And nor can we put this down to wokeness: firstly, it was 1998, so everyone was racist, misogynist and cis-biased etc. etc. etc. — i.e., no-one was woke — and secondly, in any case, “bank” takes the neuter pronoun “it”, so would have been perfectly woke in the singular anyway.

I have re-rendered the Lord Justice’s pronouns as, in my opinion, they should be.[2]

Right.

Background

Lloyds transferred money into Independent’s account at the Royal Bank of Scotland by mistake. Independent argued that Lloyds made the transfer on behalf of its customer WFL, with its authority, to discharge WFL’s debt that was due to Independent.

At first instance, the court held that WFL had not authorised the transfer.

Independent appealed, arguing that Lloyds was authorised, or that it was ostensibly authorised to transfer the money, so the payment discharged WFL’s debt to Independent, thus providing a defence to Lloyds’ claim restitution.

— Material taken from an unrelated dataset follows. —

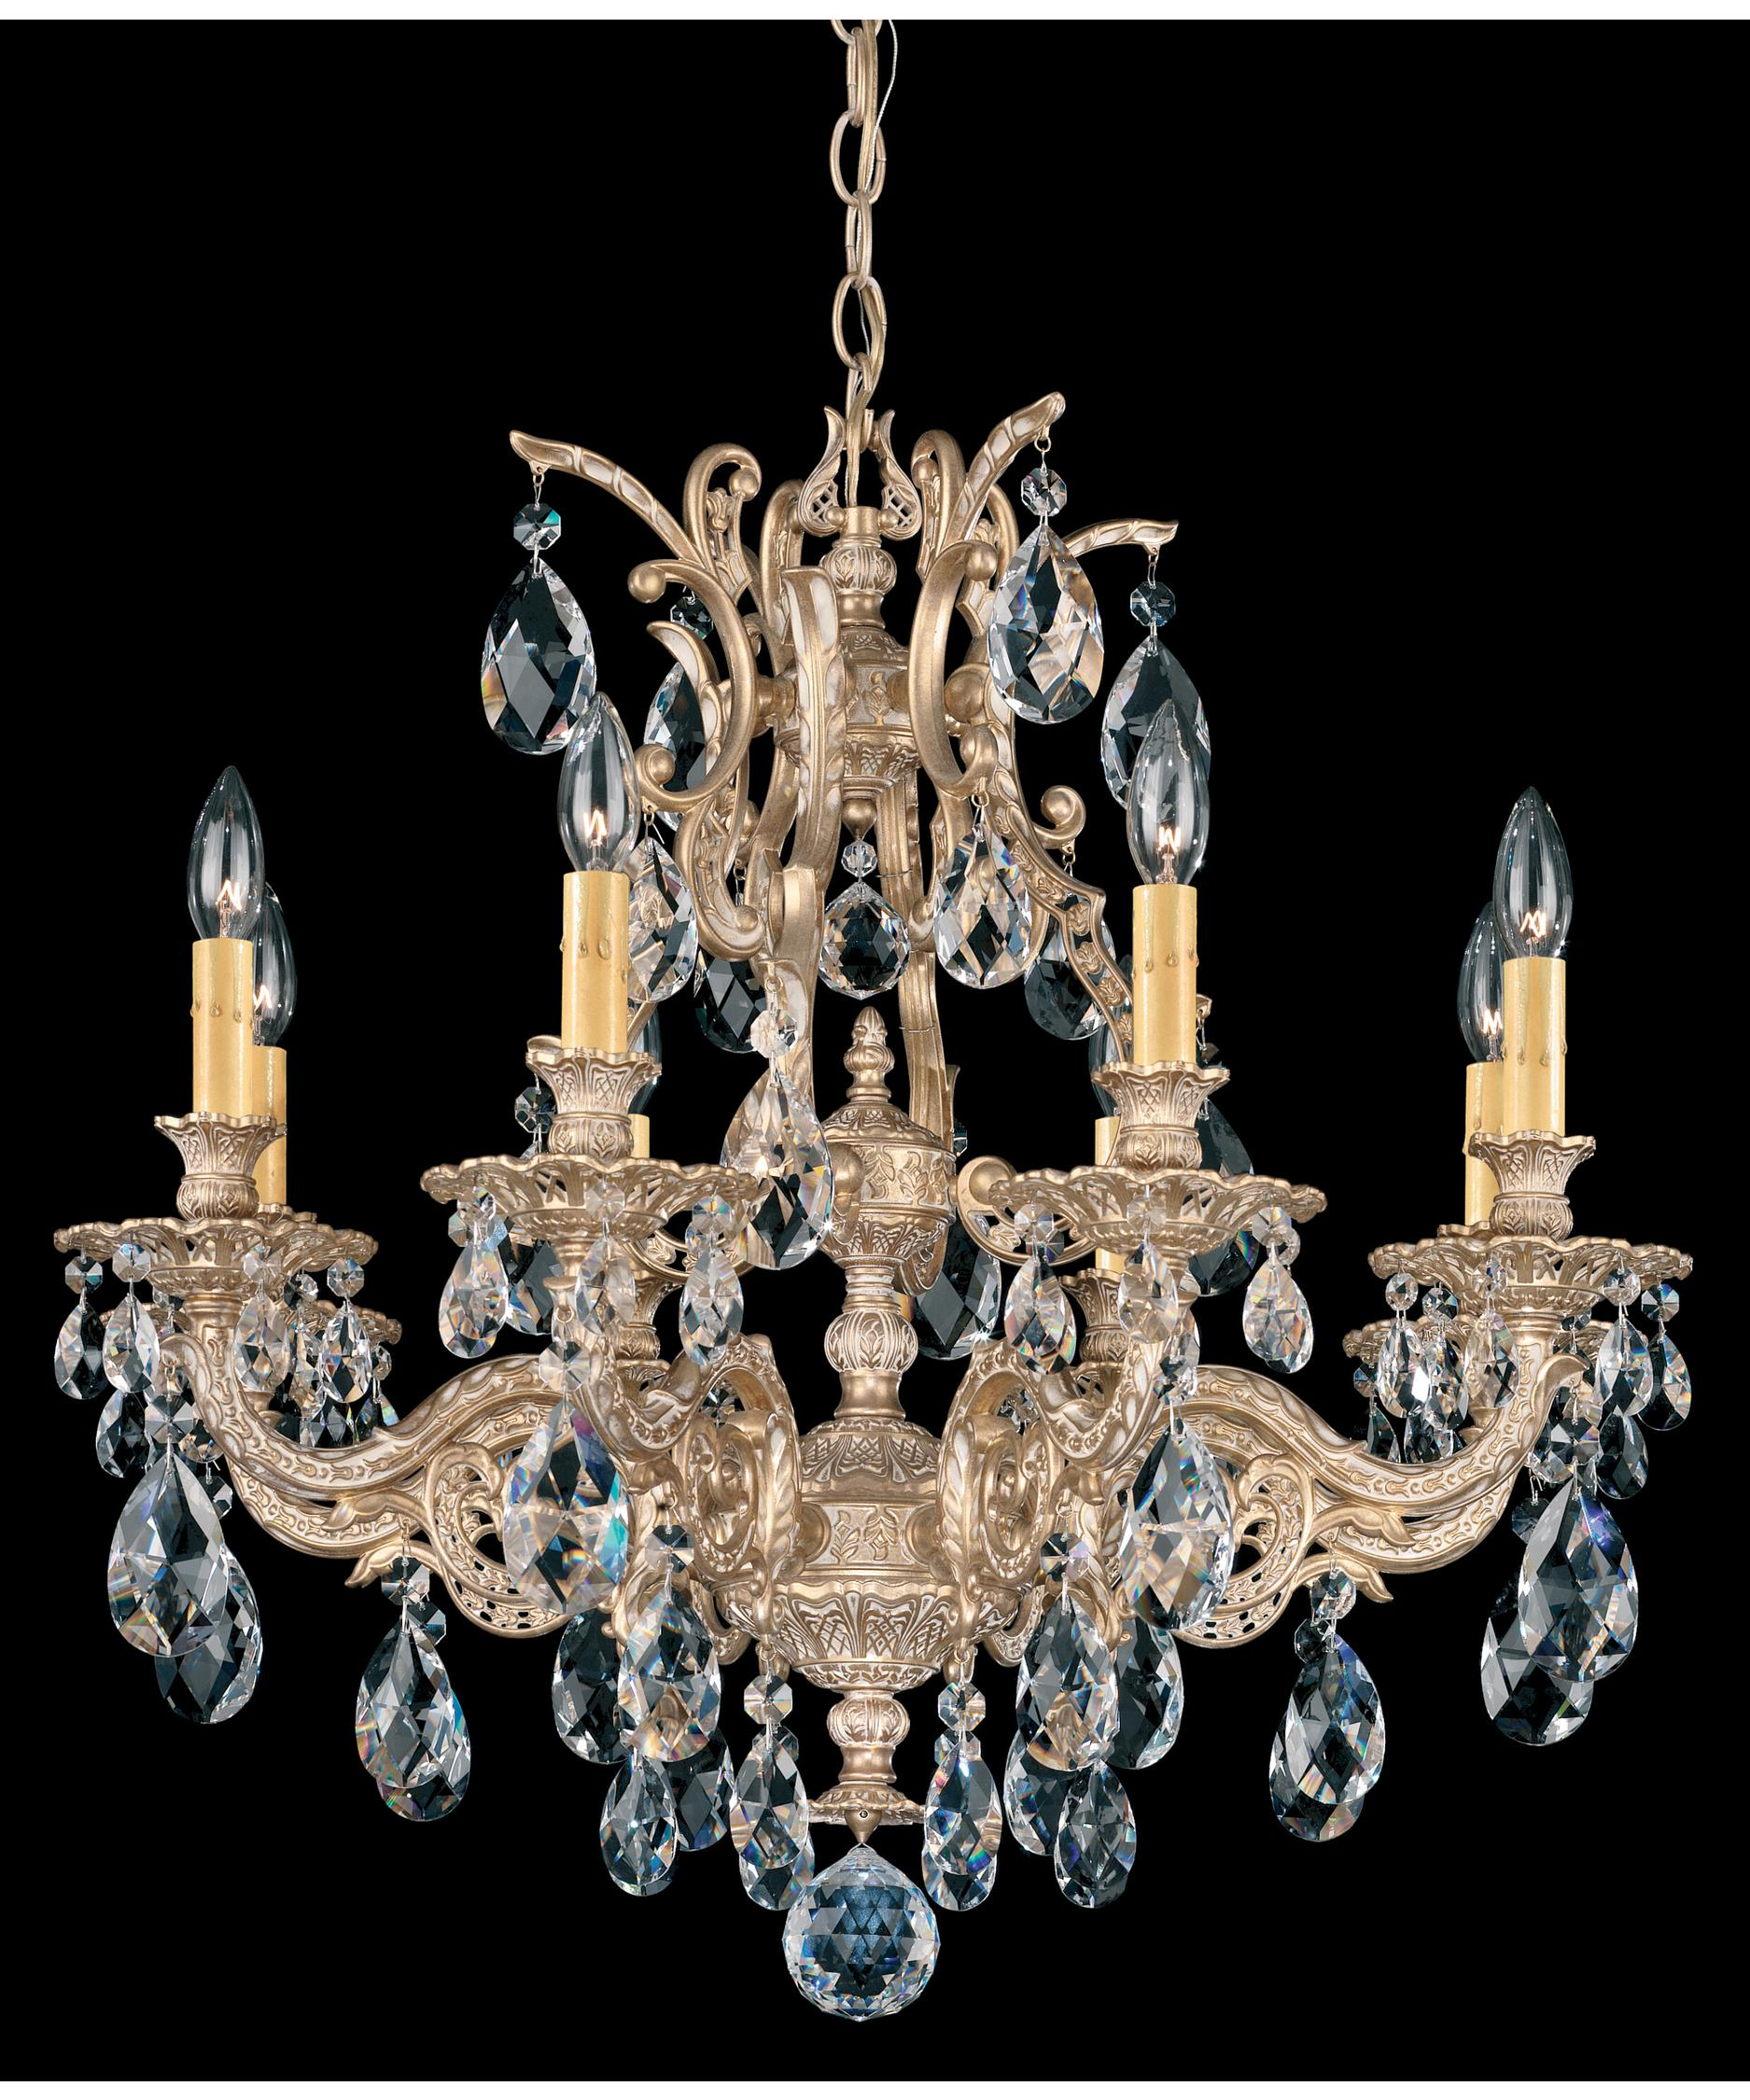 schonbek sophia 26 inch wide 8 light chandelier capitol lighting - Schonbek

Lloyds argued the first instance judge was right, but even if he wasn’t, Lloyds should still succeed on its restitutionary claim.

Facts

There is some confusion to be navigated not only on account of Lord Justice Waller’s curious facility with pronouns, but because both WFL and Independent had accounts at RBS. WFL was apparently moving its business from RBS to Lloyds. There was a bit of a S.N.A.F.U. where WFL first sent Independent a cheque drawn on RBS, which bounced, but this is all a bit of pre-conflict theatre.

The meat of the action happened when WFL instructed its new bank, Lloyds, to credit the same amount, £162,387.90, to Indepedent’s RBS account by wire transfer. At the time, Lloyds account only had £982 in it. Lloyds said, “We’ll do it as soon as you put us in cleared funds”. Funds were incoming by means of a cheque for £168,000 drawn in WFL’s favour by a third party, Kaffco.

Lloyds credited Kaffco’s cheque to WFL’s new account but marked it as “uncleared funds”, awaiting clearance from Kaffco’s bank.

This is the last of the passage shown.